Khand advocated for a more-individualized approach to giving P2Y12 inhibitors in patients with an ACS. “We have to look at this bleeding-thrombotic balance and then make judgments,” he said, noting that there are a number of tools to help clinicians do that. “But for medically treated patients, I think clopidogrel should be the way to go.”

Michael Savage, MD (Thomas Jefferson University Hospital, Philadelphia), however, provided a more-cautious interpretation of the data, pointing out that the study was retrospective and included a patient population smaller than the PLATO population.

“I personally haven’t seen any compelling data to make me doubt that clopidogrel is inferior to ticagrelor for higher-risk ACS patients,” Savage commented to TCTMD. He acknowledged that with more-potent P2Y12 inhibition, “there’s no free lunch. . . .  Any drug that has a reduction in ischemic events by reducing thrombotic events is going to pay a penalty of more bleeding.”

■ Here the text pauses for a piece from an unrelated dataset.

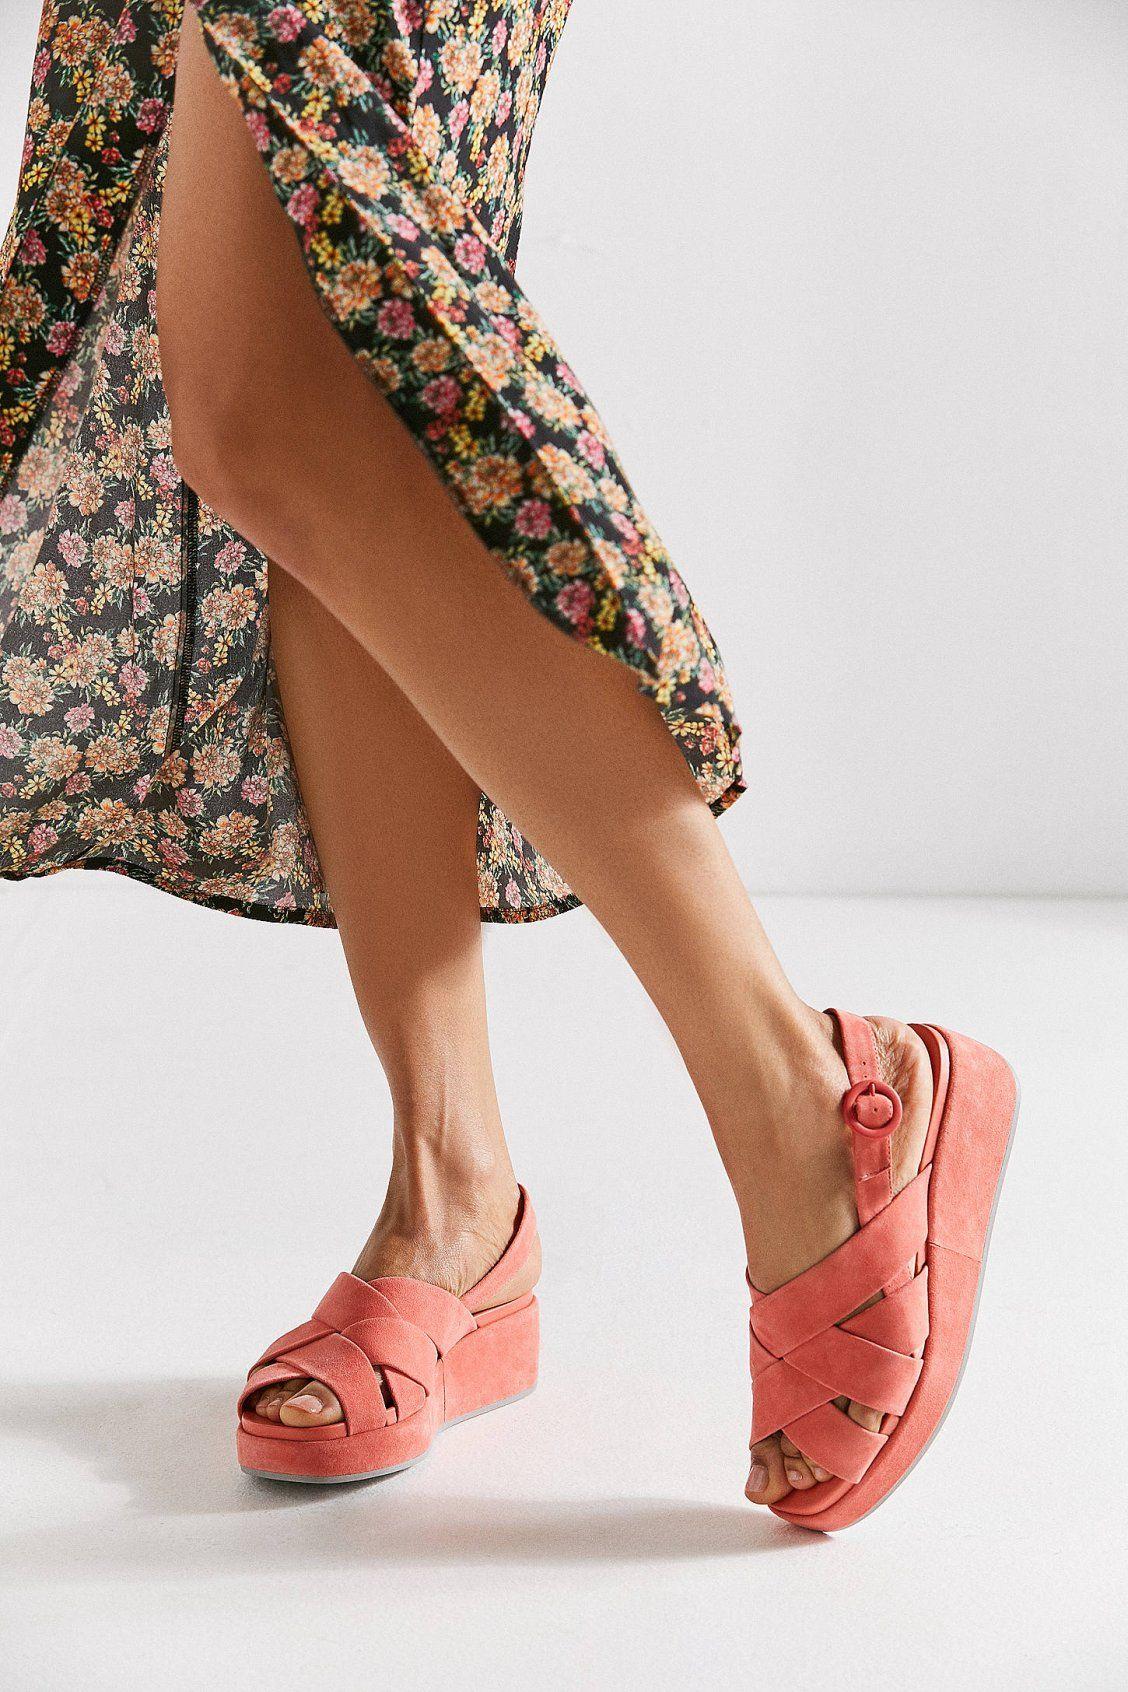 202e0bd1bf21 Shoes on Sale for Women. Camper Misia Flatform Sandals

Nonetheless, ticagrelor should remain the preferred choice for ACS, Savage said. “We’re always trying to manage the decisions on the two-edged sword of ischemic risk and thrombosis risk versus bleeding risk, so I think that’s why these studies continue to be of interest.”

For him, the more-interesting issue when it comes to discussing P2Y12 inhibition in ACS is whether ticagrelor or prasugrel is better, an issue that came to the forefront after the ISAR-REACT 5 results were released. Savage, who edited a book entitled “Clopidogrel and the Newer P2Y12 Antiplatelet Agents” with David Fischman, MD, and Mamas Mamas, BMBCh, DPhil, said he believes both agents more effectively reduce ischemic and thrombotic events compared with clopidogrel.